Si celebrerà il prossimo 17 marzo la giornata mondiale del Sonno dei cui disturbi purtroppo ne soffre una significativa parte della popolazione.Circa l’80% dei medici italiani sostengono di avere pazienti affetti da Sindrome delle Apnee Ostruttive, è questo quanto dichiarato dall’Osservatorio Internazionale della Salute, che ha condotto un’indagine sui camici bianchi di diverse specializzazioni per rivelarne conoscenze, pareri ed atteggiamenti in merito a questa grave ma purtroppo ancora poco conosciuta patologia. La prima importante spia di questa patologia, ovvero la Sindrome delle Apnee Ostruttive è il russamento e non va assolutamente sottovalutata, perché potrebbe rivelarsi davvero pericolosa per la propria salute La sindrome delle apnee ostruttive notturne, nella sigla anglosassone Osas, è il più diffuso tra i disturbi respiratori nel sonno e arriva a colpire in una forma clinicamente rivelante il 4-5% della popolazione generale adulta. “Questa sindrome può facilitare la comparsa di molte complicanze di tipo cardiovascolare e, per la comparsa di sonnolenza, può favorire gli incidenti stradali”, ha dichiarato il Dottor Guido Polese, direttore Pneumologia Ospedale Orlandi.

Come abbiamo anticipato, purtroppo, l’Osas ha delle conseguenze davvero importanti per la salute, che vanno dall’ipertensione arteriosa ed in pazienti predisposti a patologie ischemiche cardiache come l’angina e l’infarto. Purtroppo in molti casi, la patologia dell’OSAS può condurre anche alla morte ed è questo quanto è emerso da una ricerca condotta da Università di Genova, Ministero degli Interni Istituto Superiore di Sanità e altre istituzioni sanitarie, pubblicate sulla rivista Chronic Respiratory Disease, secondo la quale l’Osas appunto provoca ogni anno circa il 7% degli incidenti stradali con morti e feriti, causando oltre 200 decessi e 12 mila lesionati. Dall’indagine è emerso che l’84% degli intervistati ritiene che le apnee ostruttive rappresentino un rischio molto elevato per la salute di chi ne è affetto e l’83% teme che in Italia ci sia una scarsa consapevolezza circa la portata di questa patologia in termine di sicurezza, mentre per il 16% degli intervistati , la gravità dell’OSAS è molto spessa sopravvalutata.

Come viene accertata l’OSAS? Secondo quanto riferito dai medici, questa patologia può essere accertata grazie ad una polisonnografia, tecnica che permette la registrazione simultanea di più parametri fisiologici durante la notte, mediante un polisonnigrafo. Dall’indagine sopra citata è emerso che il 20,2% degli intervistati ha effettuato la polisonnofrafia in seguito ad un ricovero ospedaliero, mentre il 38% tramite un ambulatorio, il 42% in un centro specializzato. La polisonnografia, secondo quanto riferito è emerso, viene prescritta con più frequenza dai medici di medicina generale, che solitamente viene effettuata in un centro specialistico mentre gli otorinolaringoiatri quelli per i quali questi accertamenti sono effettuati più frequentemente in ambulatori. Tale indagine è stata effettuata nel mese di ottobre 2016 su un campione di circa 813 composto da donne per il 33,9%.  

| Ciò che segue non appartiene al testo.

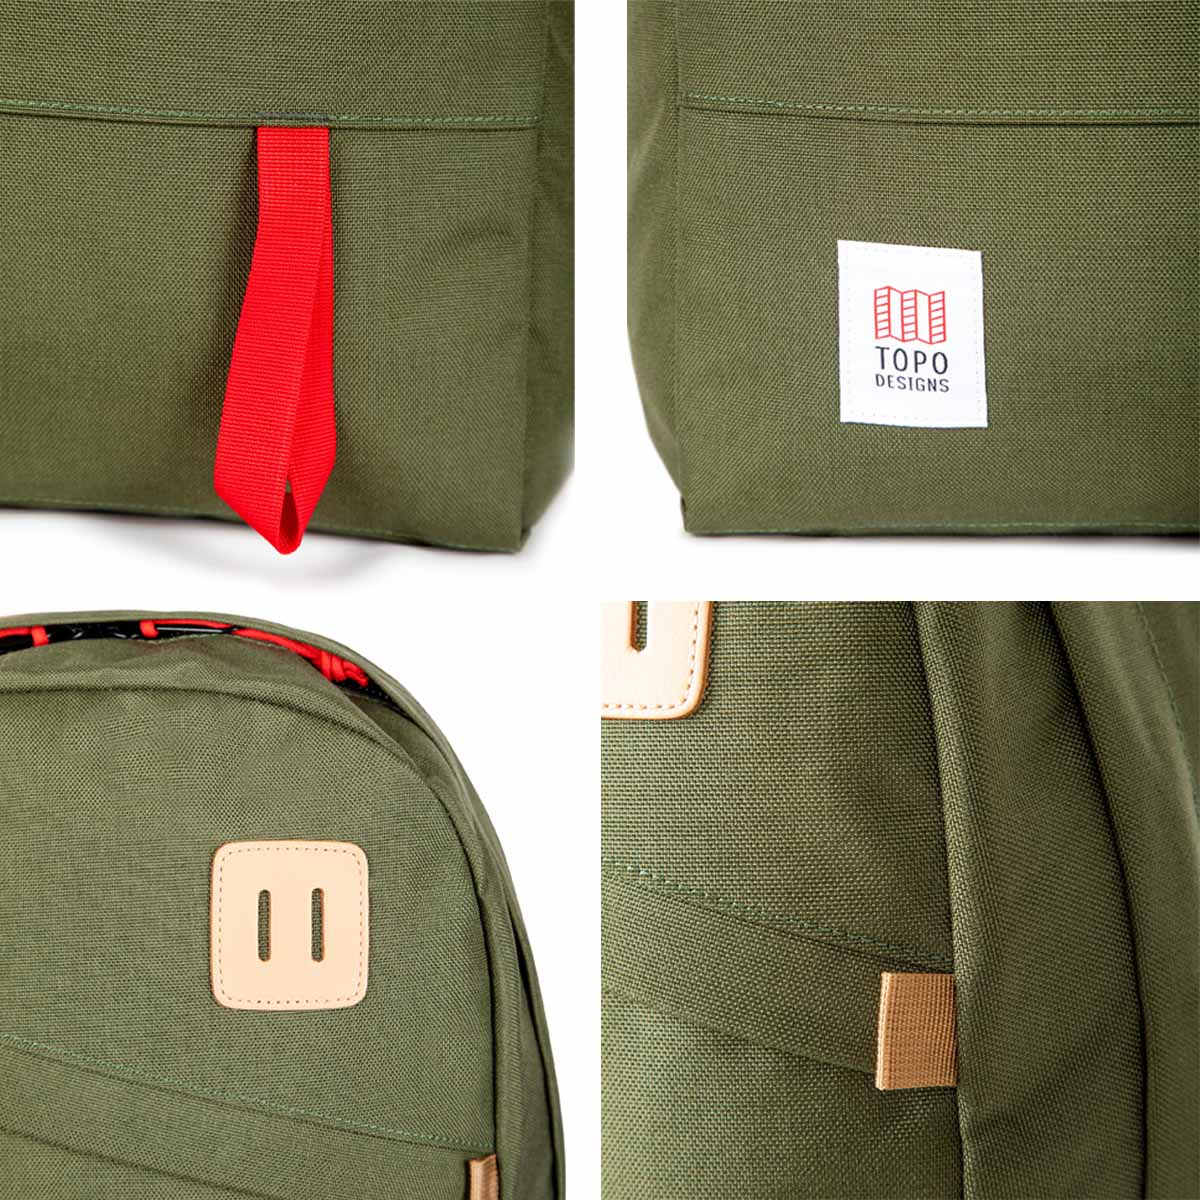 Topo Designs Daypack Classic Olive, details

Giornata Mondiale del Sonno (World Sleep Day®)

 La giornata Mondiale del Sonno è un evento con cadenza annuale inteso ad aumentare la coscienza dei disturbi del sonno e l’impatto negativo che essi hanno sulla società. o La maggior parte dei disturbi del sonno sono prevenibili o curabili, tuttavia meno di un terzo dei soggetti con patologie del sonno si rivolgono al medico. o I disturbi del sonno costituiscono un problema globale, che mette a rischio la salute e la qualità di vita per almeno il 45% della popolazione mondiale. o Una migliore conoscenza del sonno e maggior ricerca nel campo potranno aiutare a ridurre l’impatto negativo dei disturbi del sonno sulla società. L’Associazione Mondiale di Medicina del Sonno ha formulato la seguente dichiarazione in relazione alla giornata mondiale del sonno: Considerato che: – l’eccessiva sonnolenza e la mancanza di sonno hanno rilevanza epidemica a livello globale e mettono a repentaglio lo stato di salute e la qualità di vita; – molto può essere fatto per prevenire e curare l’eccessiva sonnolenza e la mancanza di sonno; – la coscienza del problema a livello degli operatori professionali e del pubblico è il primo passo per poter agire;

Sonno riposante: è uno dei pilastri della buona salute Tre elementi fondamentali per una buona qualità del sonno sono: 1. curate: la durata del sonno deve essere sufficiente per svegliarsi riposato e vigile al mattino successivo, 2. continuità: il periodo di sonno dovrebbe essere continuo senza frammentazione, 3. profondità: il sonno dovrebbe essere sufficientemente profondo da risultare ristoratore. L’impossibilità ad ottenere un sonno di buona qualità può portare a scarsa vigilanza, mancanza di attenzione, ridotta concentrazione, riduzione nella produttività sul lavoro e nello studio, e persino alla possibilità di incidenti alla guida. Buon respiro: durante il sonno è merce preziosa. I disturbi respiratori in sonno e la sleep apnea, possono portare a numerosi problemi di salute, quali l’ipertensione, le patologie cardiache, l’ictus cerebri e il diabete. Quando respirare in sonno è uno sforzo, la qualità del sonno è ridotta. Ci sono fattori di rischio modificabili che possono contribuire a rendere il respiro in sonno difficoltoso. I soggetti in sovrappeso possono avere un accumulo di grasso nelle vie aeree superiori, che assieme ad una lingua ingrandita ostacolo un buon passaggio di aria. Un addome globoso interferisce con l’azione di pompa del diaframma. L’obesità è diventata epidemica nei paesi sviluppati e può essere controllata; così facendo la sleep apnea può essere prevenuta. I bambini con tonsille ingrandite, infiammate , possono avere un’ostruzione delle vie aeree e una sleep apnea significativa. La sleep apnea nei bambini può ritardare la crescita mentale e fisica; una “semplice” tonsillectomia può essere curativa. Alcune persone assumono medicine che riducono l’attività dei centri respiratori e aggravare la sleep apnea. Tra queste medicine ci sono i sedativi e, per ironia della sorte, gli ipnotici. Medicine contenenti codeina (antidolorifici, sedativi della tosse) possono diminuire la forza di contrazione dei muscoli respiratori durante il sonno e peggiorare la sleep apnea. Corpo sano: è la premessa che conduce a un sonno ristoratore. Durante le malattie non si dorme bene. Curare le diverse malattie ed evitare abitudini di vita a rischio contribuisce a migliorare la qualità del sonno.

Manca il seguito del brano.